General information
- Type: Tandem seat ultralight
- National origin: Italy
- Manufacturer: Millennium Aircraft (Compact Compositi srl), Turin

History
- First flight: 27 May 2006
- Developed from: Asso X Jewel
- Variants: Blackshape Prime Pelegrin Tarragon

= Millennium Master =

The Millennium Master is a low wing, single engine, tandem two-seat ultralight aircraft, constructed chiefly of carbon fibre. Designed and built in Italy, it flew for the first time in 2006.

==Design and development==
The design of the Millennium Master stemmed from that of an earlier, wooden Asso X kit built aircraft but the structure has been entirely transformed into prepreg carbon fibre by Millennium Aircraft. The structural design was done by the Department of Aerostructures at the University of Turin and the aerodynamics were investigated by Alenia.
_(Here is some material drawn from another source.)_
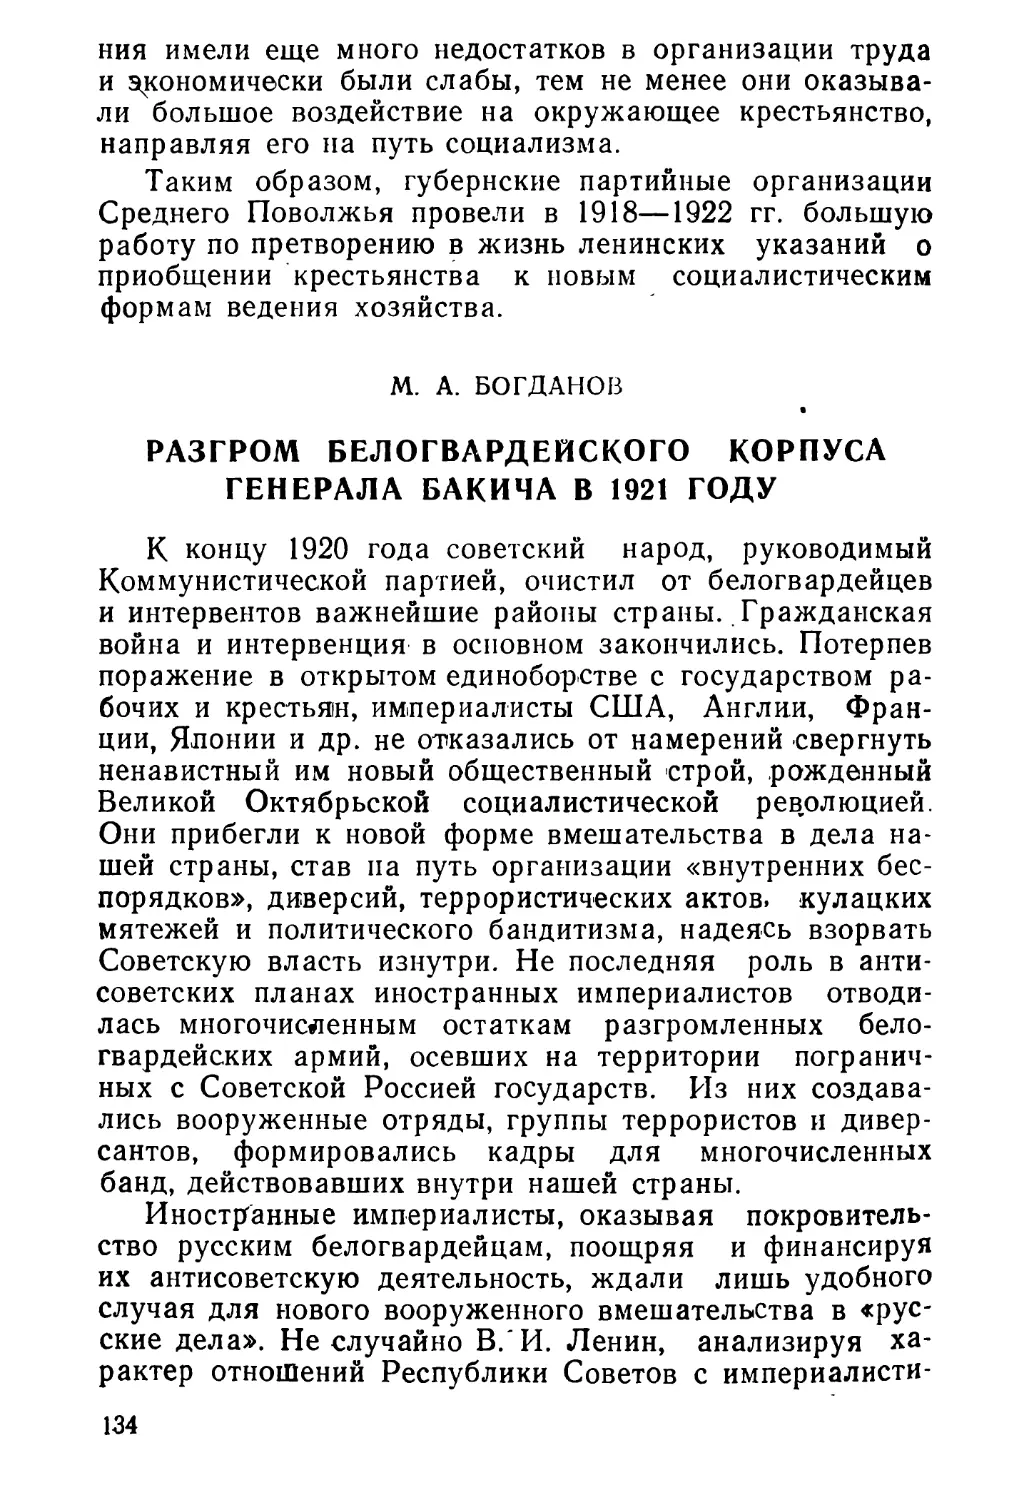 М. А. Богдaнов. Разгром белогвардейского корпуса генерала Бакича в 1921 году

The Master has a low set, trapezoidal wing, though that plan is modified by an extended wing root fairing or glove, plus wing tips of the Küchemann type with curved leading edges. Flaps occupy the whole trailing edge inboard of the ailerons and have four settings. These flaps are slotted and are each in two spanwise parts, the break placed at the wing fold hinge line.

A single piece canopy covers the tandem seats, with the rear seat higher than the other. Behind the cockpit the fuselage line falls to the tail. The tailplane is straight edged with rounded tips and carries marked anhedral. The fin and rudder are also straight edged but swept; there is a small additional ventral fin. Elevator has trim tabs. The Master has a tricycle undercarriage, the nosewheel retracting rearwards and the main legs inwards into the wings. The track is 2.01 m.

The Master is powered by a Rotax 912 ULS 100 HP (74 kW). It drives a two blade propeller with variable pitch in flight.

The Master first flew on 27 May 2006 and appeared in public for the first time at Aero '07 at Friedrichshafen in Germany in 2007. A second prototype flew in December 2007. Production was planned to start in October 2007, beginning with complete aircraft before commencing kit production.

The company went bankrupt before production of the Master was started and the design was later acquired by Blackshape of Monopoli, Italy and developed into the Blackshape Prime. The design was also developed into the Pelegrin Tarragon by Pelegrin Limited in conjunction with CFM Air.